Well...'buzullar erimek' is not correct as _a noun with a genitive structure_ - which should be used in this sentence - because first of all, we should use _grammatically_ _a noun_ and not an infinitif as the object of 'today's problem'.
In general _'something'_ can be the problem of something else, and here :
- Today's biggest environmental problem is *what*? (= a noun)
- Is _melting of icebergs_.

Then in Turkish, there are many ways for making a noun from a verb by means of suffixes called : Fiilden isim yapan ekler.

The noun of the infinitif  'erimek' is 'eri*me*'.

and then since your noun here ( melting of icebergs) has a genitive structure ( isim tamlaması ), you should use the rule of genitive construction,
explained here that I found suitable for you and also as an example  here in our Forum which would be useful too for more details !


İyi çalışmalar!


----------



## pekka123

thank you very much I understood something


----------



## pekka123

I have another question

hindistan'daki tren kazasının ardından yaralıları kurtarma çalışmaları devam ediyor 

why kurtarma is not having ları and çalışma is having ları


----------



## Gemmenita

Yes, that's a good question !
'Kurturma çalışmaları' is also genitive structure... And its difference with 'buzulların erimesi' is:

As a matter of fact, in Turkish there are 2 genitive structures (isim/ad tamlaması ) : belirtili (definite) and belirtisiz (indefinite)
buzullar*ın* erime*si* >>> belirtili ad tamlaması
kurtama çalışmalar*ı* >>> belirtisiz ad tamlaması

The difference between the 2 kinds is that:

- in 'belirtili ad tamlaması', there is a real possession, and something belongs really to somebody or something else, and also the object about which we are talking is known, and in the structure, the first word also _takes_ possession suffixes ( in/ın/un/...)
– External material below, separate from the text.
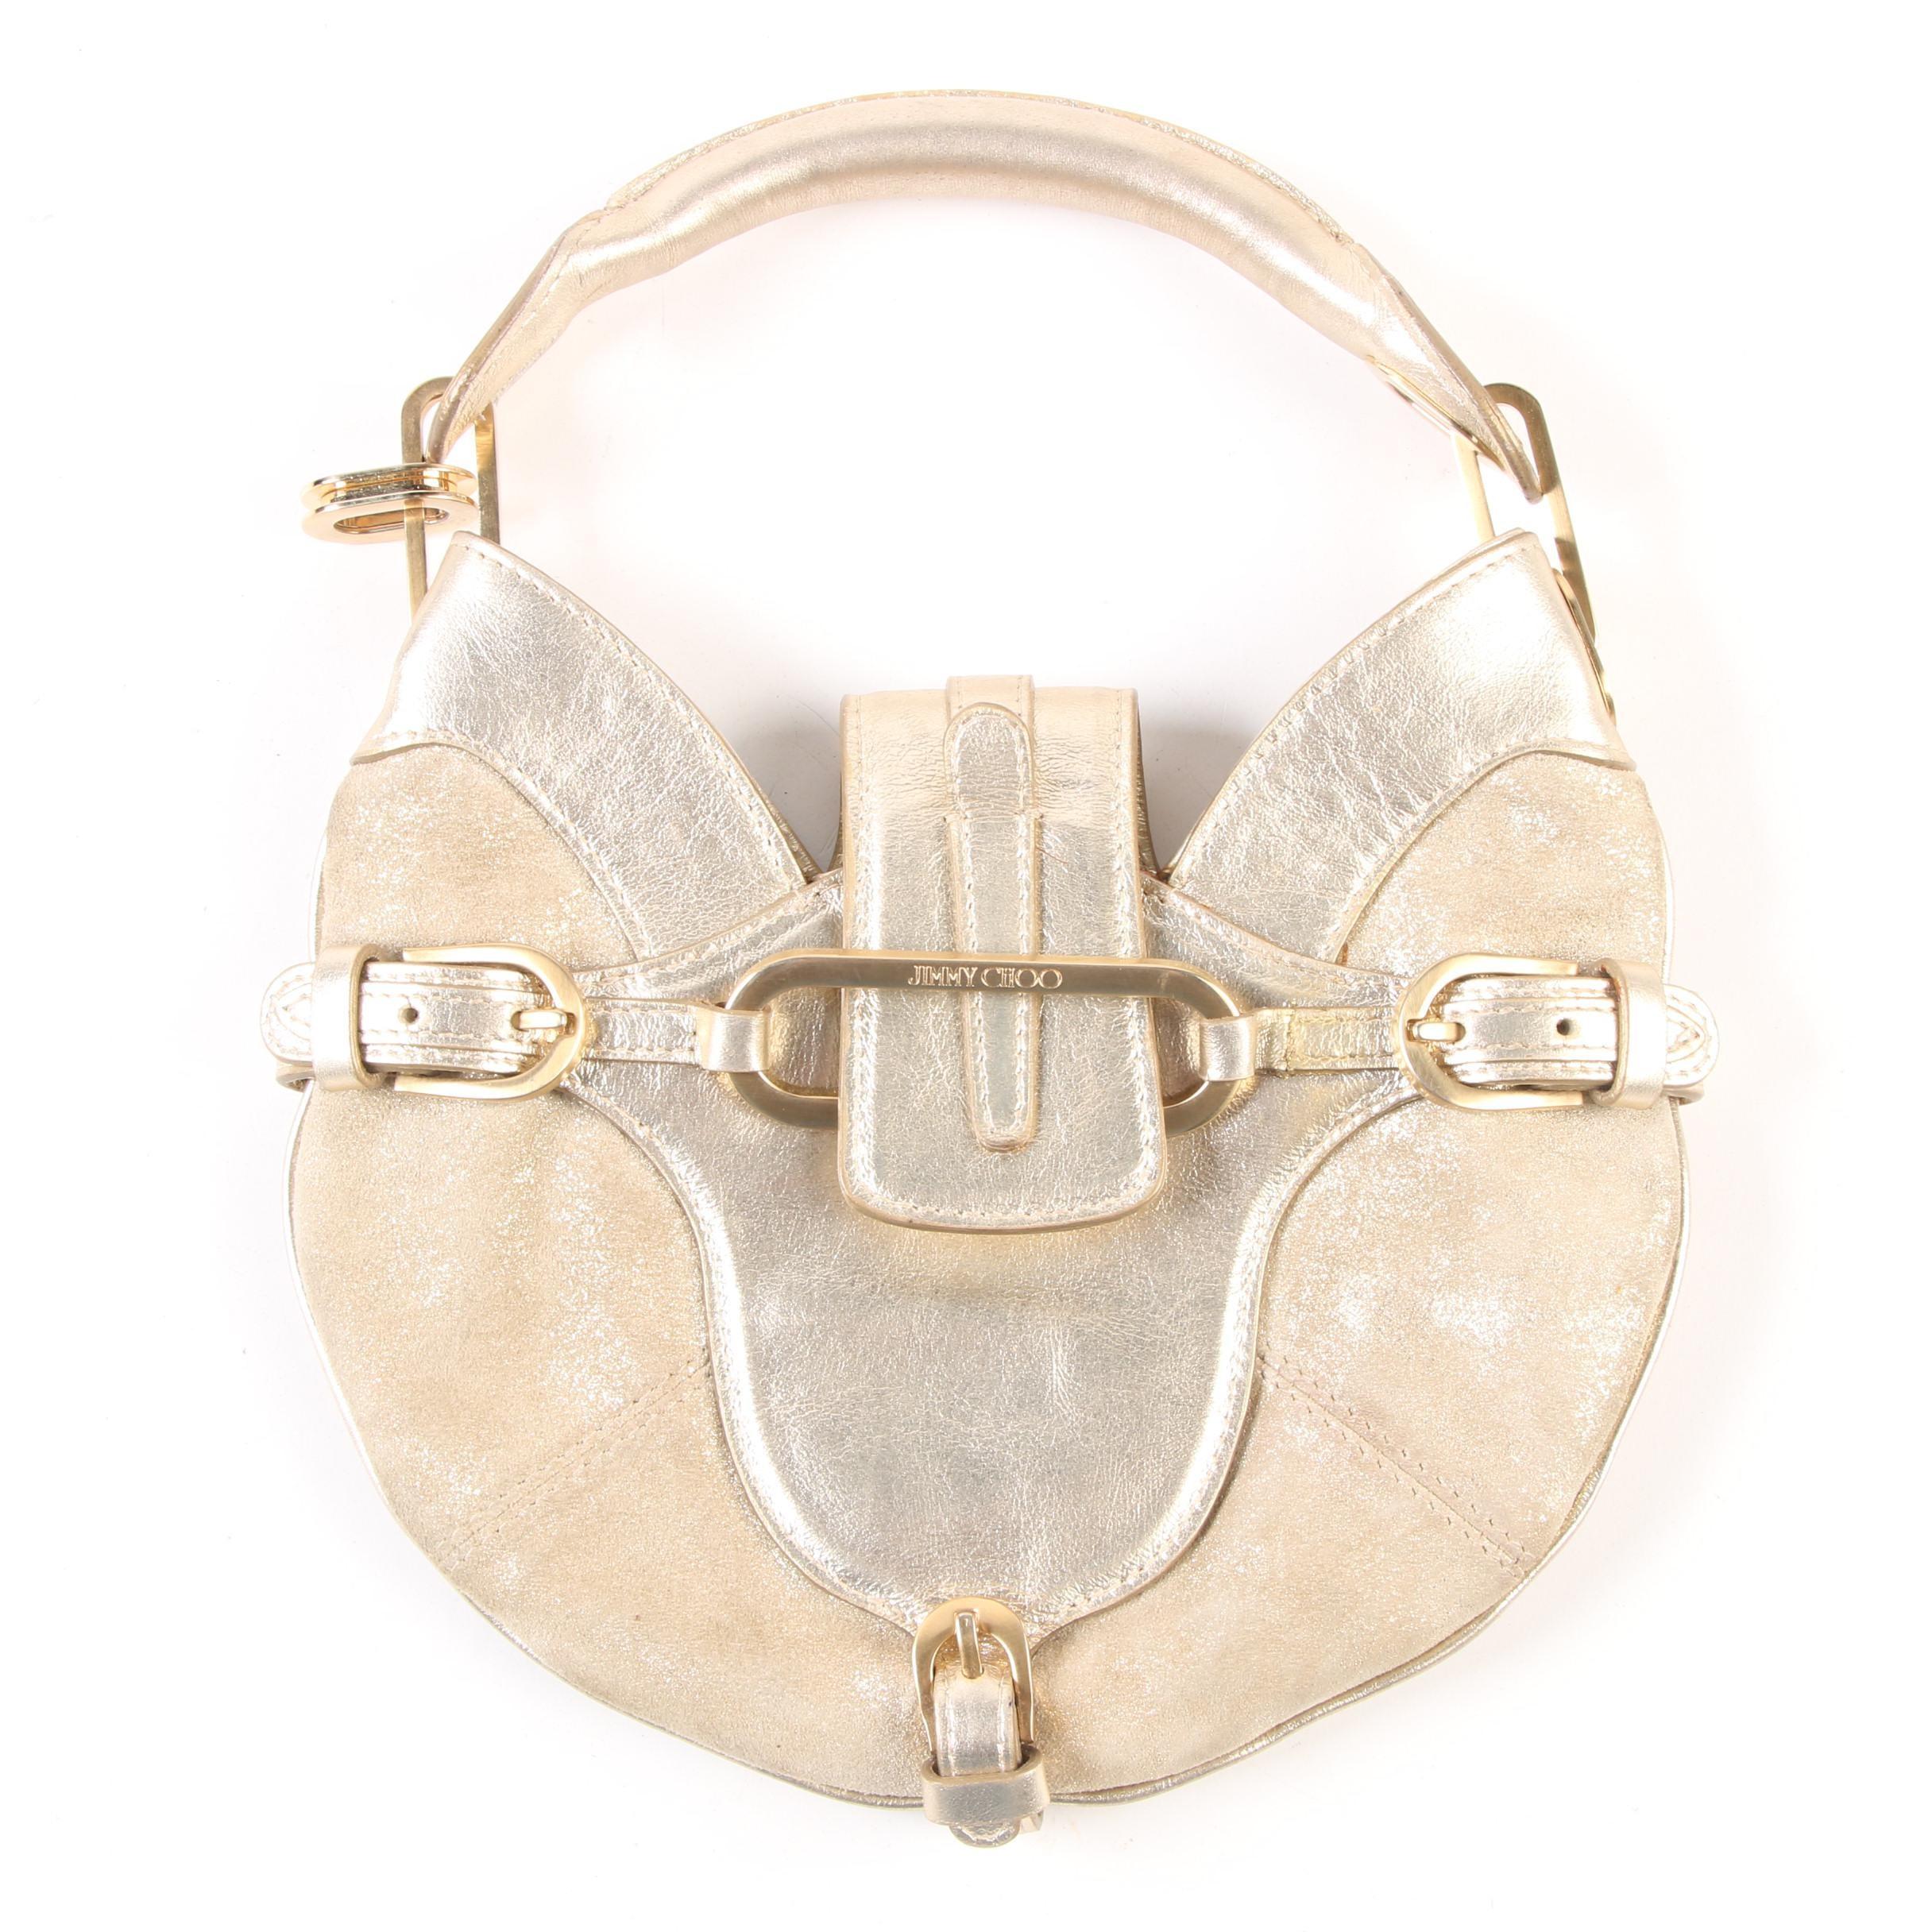 Jimmy Choo Mini Tulita Hobo Bag in Metallic Gold Leather and Suede

Examples ( and also refer to the *Important* part below) :

gözlüğ*ün* cam*ı*. ('cam' belongs to the 'gözlük' )

çocuğ*un* ayakkabı*sı*.('ayakkabı' belongs to 'çocuk' )

otel*in* odalar*ı *çok. ( 'odalar' belong to 'otel')
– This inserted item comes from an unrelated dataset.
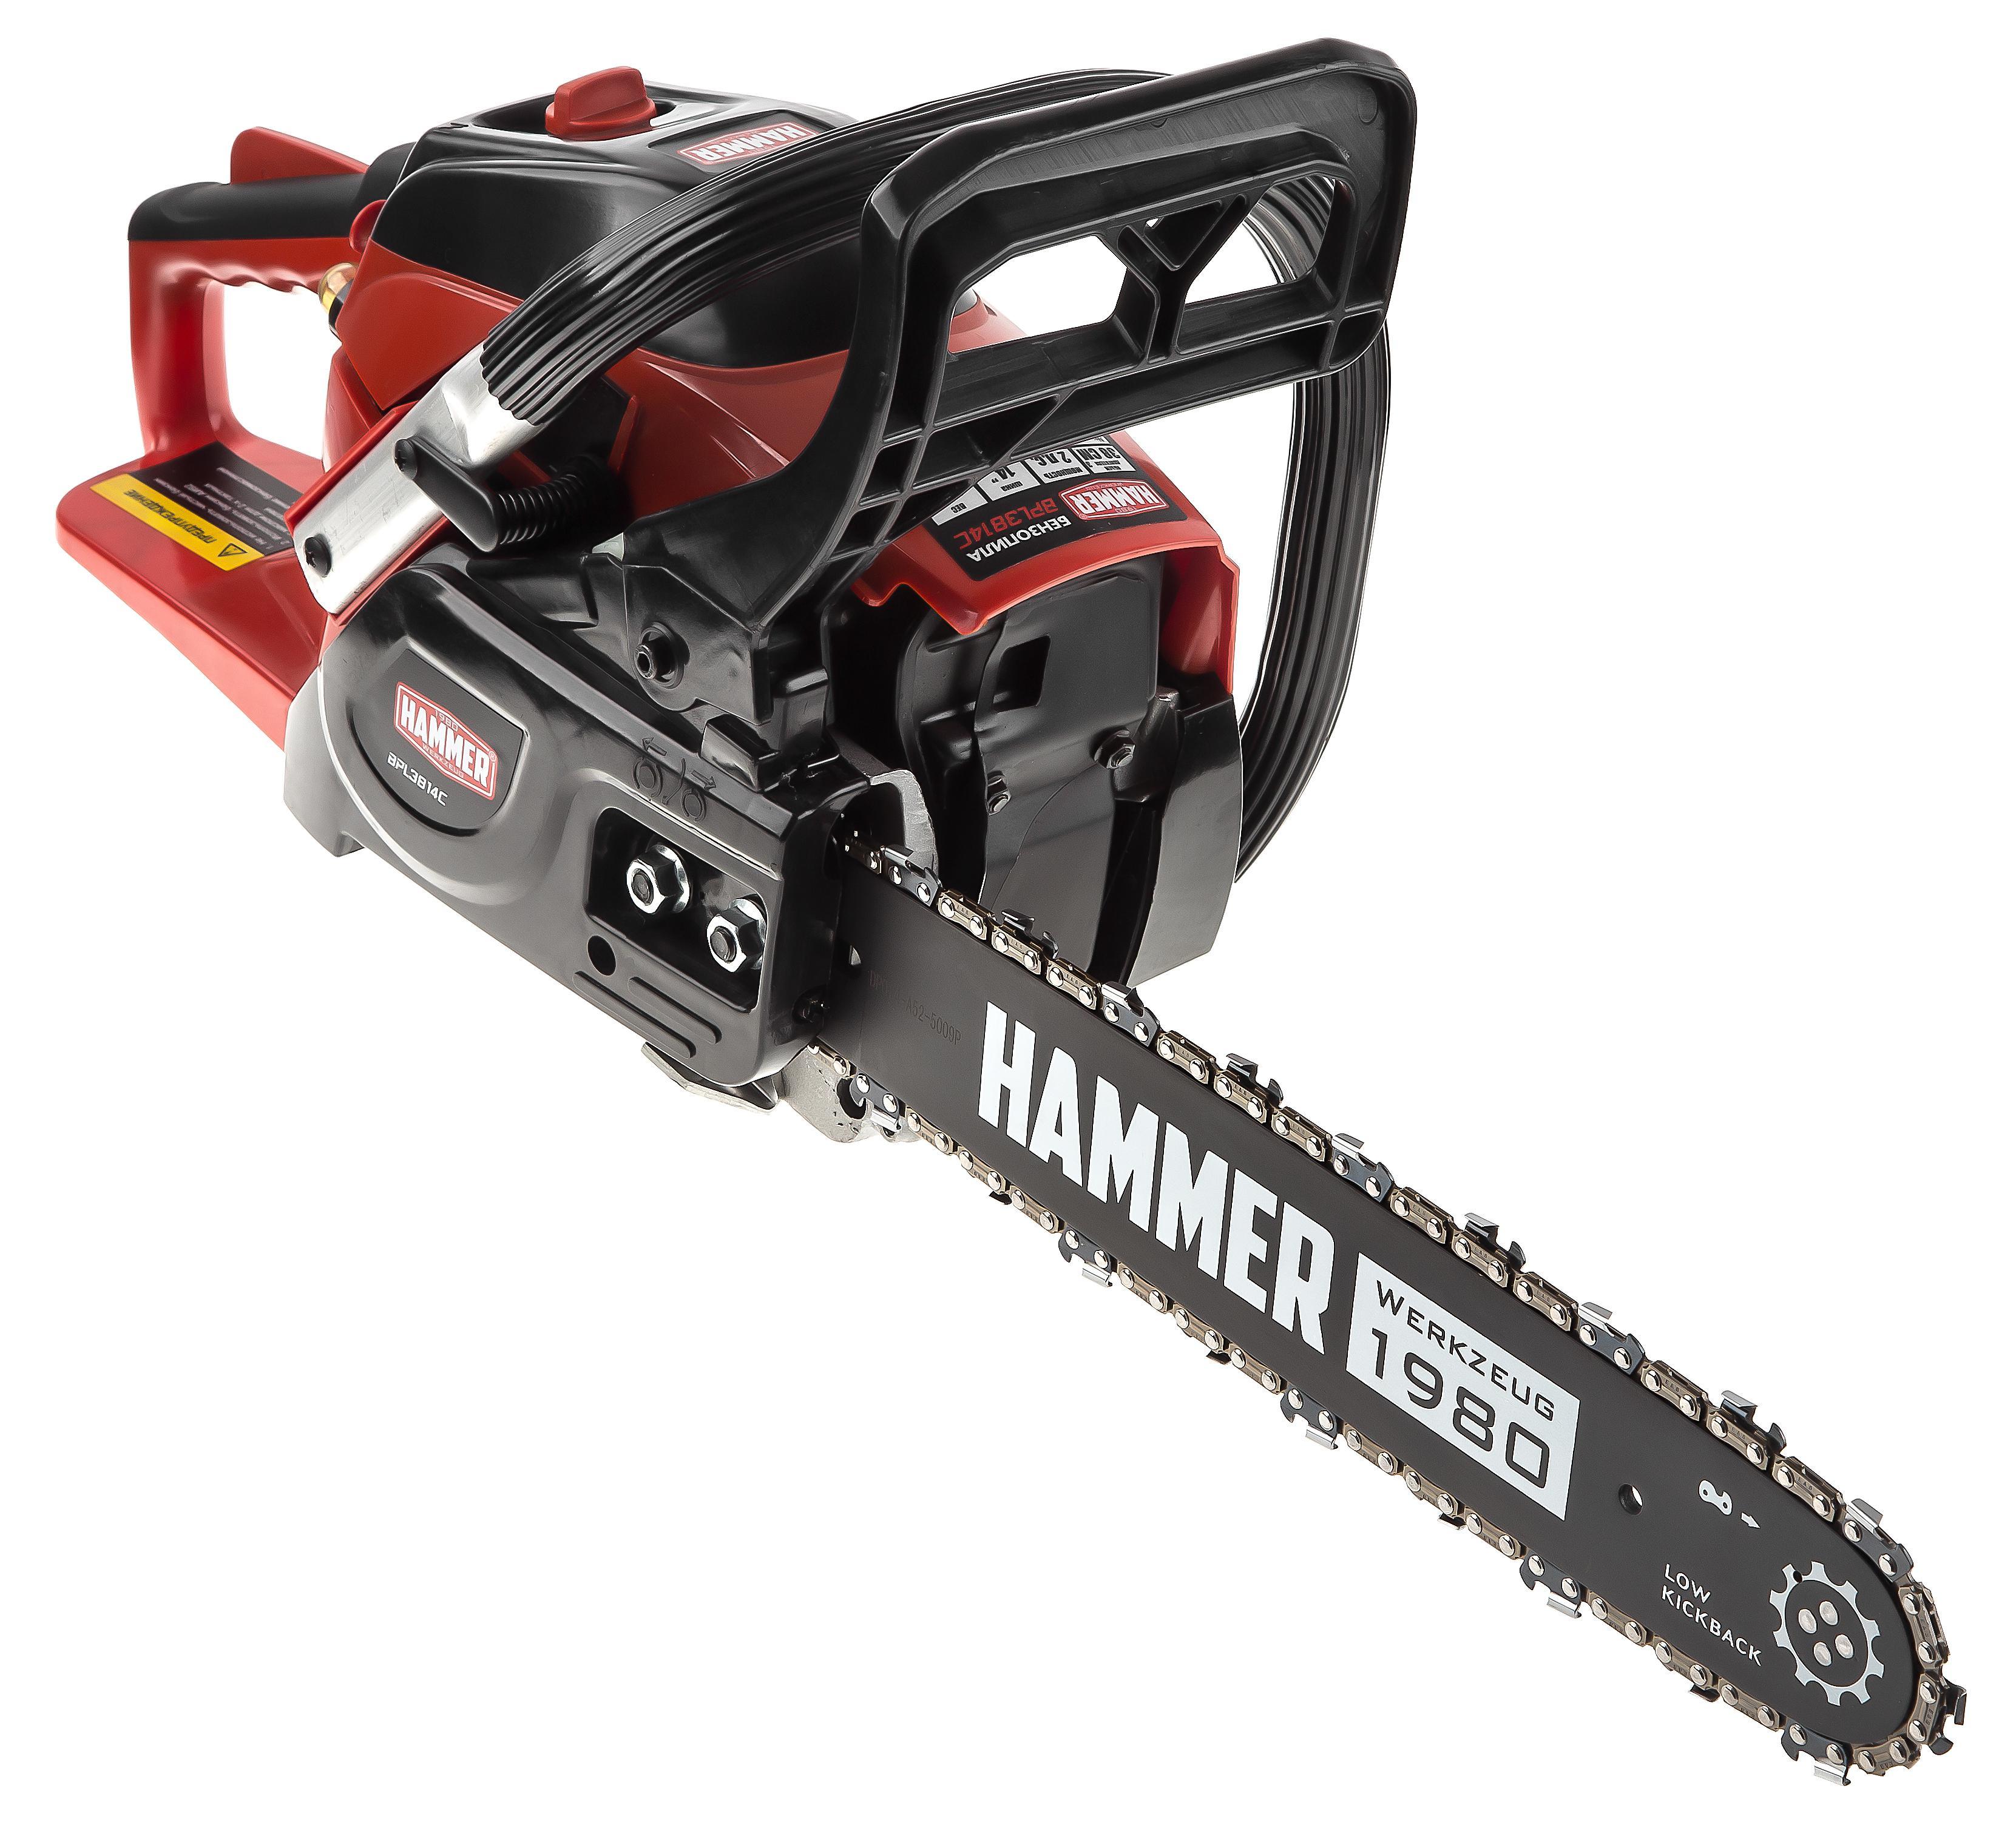 лучшая цена Бензопила Hammer Bpl3814c

buzullar*ın* erime*si *( 'erime' belongs to 'buzullar' and not to other things)


- whereas in 'belirtisiz ad tamlaması' , the fırst word completes the second word (gives more information about the second word rather than a real possession
and we are talking _in general_ ), and in the structure, the first word _doesn't take_ possession suffixes.

Examples:

çay bahçe*si *(which kind of 'bahçe'? _Çay_ bahçesi)

yatak oda*sı* (which kind of 'oda'? _Yatak_ odası )
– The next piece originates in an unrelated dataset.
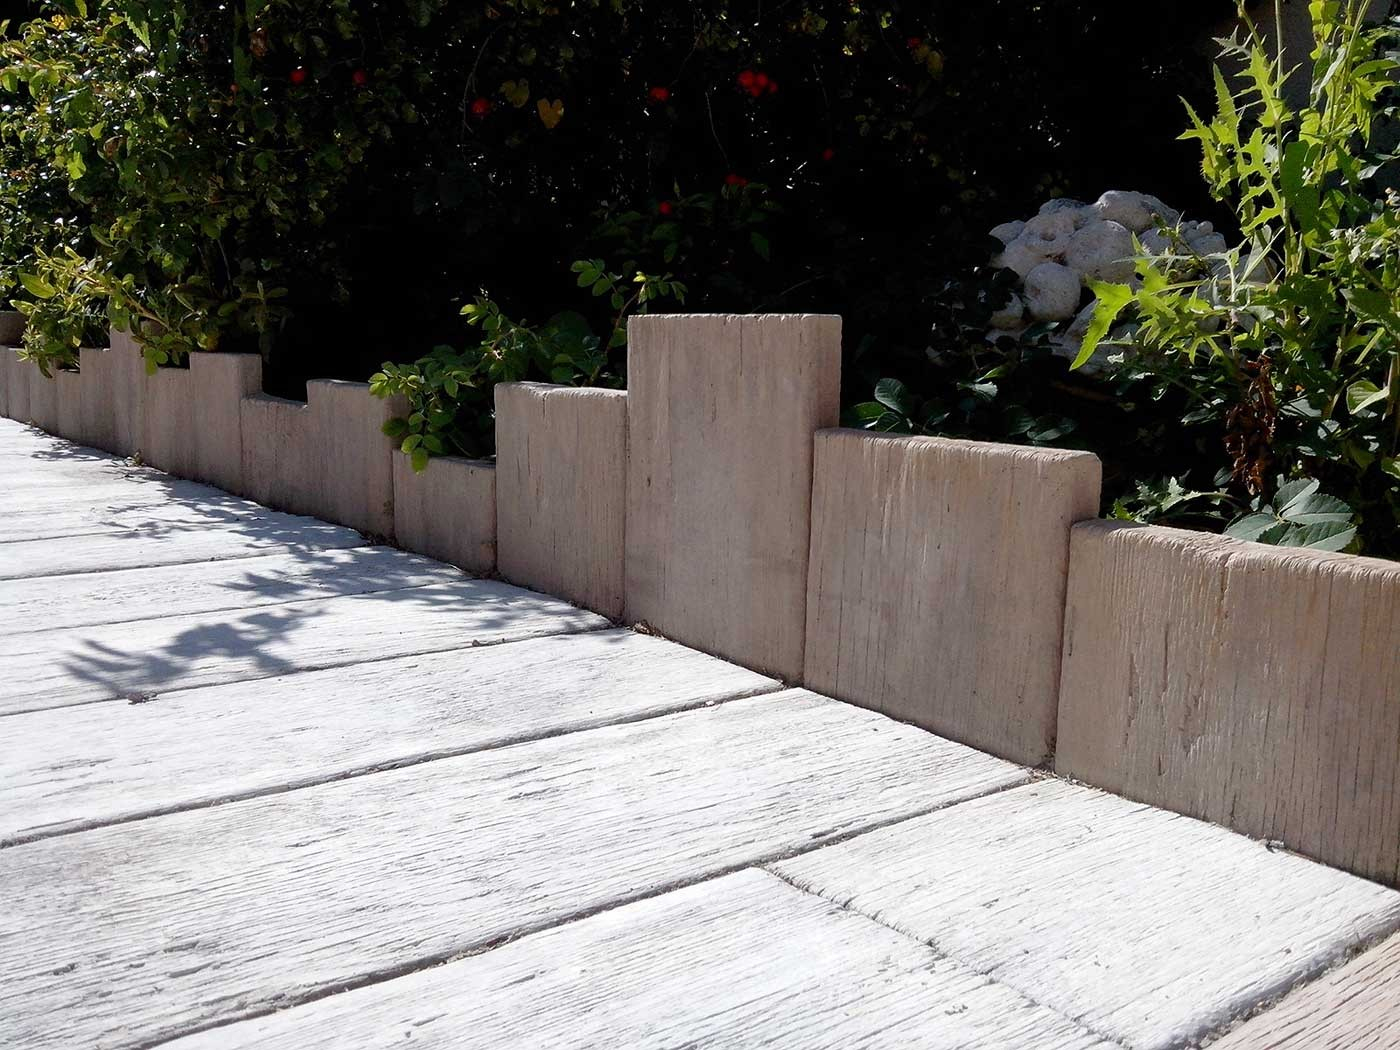 Bordure De Jardin En Pierre Reconstituée Planche Apparence ... avec Bordure Jardin Imitation Pierre

güneş gözlüğ*ü* (which kind of 'gözlük' ? _Güneş_ gözlüğü)

kurturma çalışmalar*ı* (which kind of 'çalışmalar' ? _Kurturma_ çalışmaları)

and so on...

*Important:*

Sometimes, for the same couple of words we can use both 'definite' and 'indefinite' genitive structure and this is the contexte which helps to choose between 'belirtili and 'belirtisi' genitive structure.

For example:

- Bu otel*in* odalar*ı *çok büyük. ( is definite genitive structure because we are talking about a known and definite hotel and therefore both words take suffixes)
- Genelde otel odalar*ı* geniş olur.(is indefinite genitive structure because we are talking about any kind of hotel in general and therefore only the second word takes suffix)

and so on...


*ps.*



pekka123 said:


> why kurtarma is not having ları and çalışma is having ları



Here 'ları' is not the genitive suffix : 'lar' is the plural making suffix and 'ı' is the genitive making suffix and then following all the above explanations, 'kurturma' doesn't need any suffix.



İyi günler!


----------



## pekka123

thank you very much gemmenita I made you tired thanks again


----------



## Gemmenita

Oh,  ne demek ! Rica ederim ! You're most welcome.


----------